■ **TASK TO COMPLETE**
A word-for-word transcription of the records is required.

■ **Stored entries**

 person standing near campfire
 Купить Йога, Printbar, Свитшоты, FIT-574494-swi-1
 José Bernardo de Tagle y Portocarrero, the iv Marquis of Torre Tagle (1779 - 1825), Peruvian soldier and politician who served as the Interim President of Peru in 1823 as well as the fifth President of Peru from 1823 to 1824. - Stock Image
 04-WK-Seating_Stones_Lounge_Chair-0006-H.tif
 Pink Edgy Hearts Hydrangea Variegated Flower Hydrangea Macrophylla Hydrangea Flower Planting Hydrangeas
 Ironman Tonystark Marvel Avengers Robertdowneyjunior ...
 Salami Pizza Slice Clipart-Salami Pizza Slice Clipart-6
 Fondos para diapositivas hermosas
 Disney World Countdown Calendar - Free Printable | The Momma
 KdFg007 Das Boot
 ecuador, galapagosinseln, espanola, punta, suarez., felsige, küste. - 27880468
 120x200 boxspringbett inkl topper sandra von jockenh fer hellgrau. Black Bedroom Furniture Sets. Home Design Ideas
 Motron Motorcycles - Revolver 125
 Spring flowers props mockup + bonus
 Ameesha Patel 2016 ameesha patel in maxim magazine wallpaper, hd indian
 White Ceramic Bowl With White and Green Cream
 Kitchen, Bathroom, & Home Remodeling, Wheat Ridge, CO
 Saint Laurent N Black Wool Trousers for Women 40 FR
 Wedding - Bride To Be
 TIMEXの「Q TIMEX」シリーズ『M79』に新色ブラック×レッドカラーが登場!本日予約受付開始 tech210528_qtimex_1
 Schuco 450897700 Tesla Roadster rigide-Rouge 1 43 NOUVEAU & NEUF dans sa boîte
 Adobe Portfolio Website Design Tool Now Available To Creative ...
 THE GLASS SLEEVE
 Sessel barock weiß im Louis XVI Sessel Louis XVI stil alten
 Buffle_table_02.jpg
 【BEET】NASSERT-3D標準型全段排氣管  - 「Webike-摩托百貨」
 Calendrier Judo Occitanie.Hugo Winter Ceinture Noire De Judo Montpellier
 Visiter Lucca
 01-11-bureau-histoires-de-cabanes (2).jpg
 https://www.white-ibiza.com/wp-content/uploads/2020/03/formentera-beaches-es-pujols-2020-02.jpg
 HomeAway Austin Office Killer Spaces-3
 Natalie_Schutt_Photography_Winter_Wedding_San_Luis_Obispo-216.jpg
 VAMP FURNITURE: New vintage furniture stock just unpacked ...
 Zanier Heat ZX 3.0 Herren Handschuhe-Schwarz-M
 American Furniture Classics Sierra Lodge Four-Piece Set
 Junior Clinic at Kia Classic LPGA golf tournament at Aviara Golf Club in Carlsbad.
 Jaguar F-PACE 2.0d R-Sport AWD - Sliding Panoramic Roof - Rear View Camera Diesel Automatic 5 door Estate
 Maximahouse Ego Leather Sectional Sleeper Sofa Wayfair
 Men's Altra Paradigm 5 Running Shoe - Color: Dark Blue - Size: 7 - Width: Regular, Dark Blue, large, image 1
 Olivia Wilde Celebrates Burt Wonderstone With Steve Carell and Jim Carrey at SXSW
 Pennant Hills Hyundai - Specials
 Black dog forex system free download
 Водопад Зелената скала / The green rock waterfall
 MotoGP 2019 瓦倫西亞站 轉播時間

■ **EXERCISE SOLUTION**
 person standing near campfire
 Купить Йога, Printbar, Свитшоты, FIT-574494-swi-1
 José Bernardo de Tagle y Portocarrero, the iv Marquis of Torre Tagle (1779 - 1825), Peruvian soldier and politician who served as the Interim President of Peru in 1823 as well as the fifth President of Peru from 1823 to 1824. - Stock Image
 04-WK-Seating_Stones_Lounge_Chair-0006-H.tif
 Pink Edgy Hearts Hydrangea Variegated Flower Hydrangea Macrophylla Hydrangea Flower Planting Hydrangeas
 Ironman Tonystark Marvel Avengers Robertdowneyjunior ...
 Salami Pizza Slice Clipart-Salami Pizza Slice Clipart-6
 Fondos para diapositivas hermosas
 Disney World Countdown Calendar - Free Printable | The Momma
 KdFg007 Das Boot
 ecuador, galapagosinseln, espanola, punta, suarez., felsige, küste. - 27880468
 120x200 boxspringbett inkl topper sandra von jockenh fer hellgrau. Black Bedroom Furniture Sets. Home Design Ideas
 Motron Motorcycles - Revolver 125
 Spring flowers props mockup + bonus
 Ameesha Patel 2016 ameesha patel in maxim magazine wallpaper, hd indian
 White Ceramic Bowl With White and Green Cream
 Kitchen, Bathroom, & Home Remodeling, Wheat Ridge, CO
 Saint Laurent N Black Wool Trousers for Women 40 FR
 Wedding - Bride To Be
 TIMEXの「Q TIMEX」シリーズ『M79』に新色ブラック×レッドカラーが登場!本日予約受付開始 tech210528_qtimex_1
 Schuco 450897700 Tesla Roadster rigide-Rouge 1 43 NOUVEAU & NEUF dans sa boîte
 Adobe Portfolio Website Design Tool Now Available To Creative ...
 THE GLASS SLEEVE
 Sessel barock weiß im Louis XVI Sessel Louis XVI stil alten
 Buffle_table_02.jpg
 【BEET】NASSERT-3D標準型全段排氣管  - 「Webike-摩托百貨」
 Calendrier Judo Occitanie.Hugo Winter Ceinture Noire De Judo Montpellier
 Visiter Lucca
 01-11-bureau-histoires-de-cabanes (2).jpg
 https://www.white-ibiza.com/wp-content/uploads/2020/03/formentera-beaches-es-pujols-2020-02.jpg
 HomeAway Austin Office Killer Spaces-3
 Natalie_Schutt_Photography_Winter_Wedding_San_Luis_Obispo-216.jpg
 VAMP FURNITURE: New vintage furniture stock just unpacked ...
 Zanier Heat ZX 3.0 Herren Handschuhe-Schwarz-M
 American Furniture Classics Sierra Lodge Four-Piece Set
 Junior Clinic at Kia Classic LPGA golf tournament at Aviara Golf Club in Carlsbad.
 Jaguar F-PACE 2.0d R-Sport AWD - Sliding Panoramic Roof - Rear View Camera Diesel Automatic 5 door Estate
 Maximahouse Ego Leather Sectional Sleeper Sofa Wayfair
 Men's Altra Paradigm 5 Running Shoe - Color: Dark Blue - Size: 7 - Width: Regular, Dark Blue, large, image 1
 Olivia Wilde Celebrates Burt Wonderstone With Steve Carell and Jim Carrey at SXSW
 Pennant Hills Hyundai - Specials
 Black dog forex system free download
 Водопад Зелената скала / The green rock waterfall
 MotoGP 2019 瓦倫西亞站 轉播時間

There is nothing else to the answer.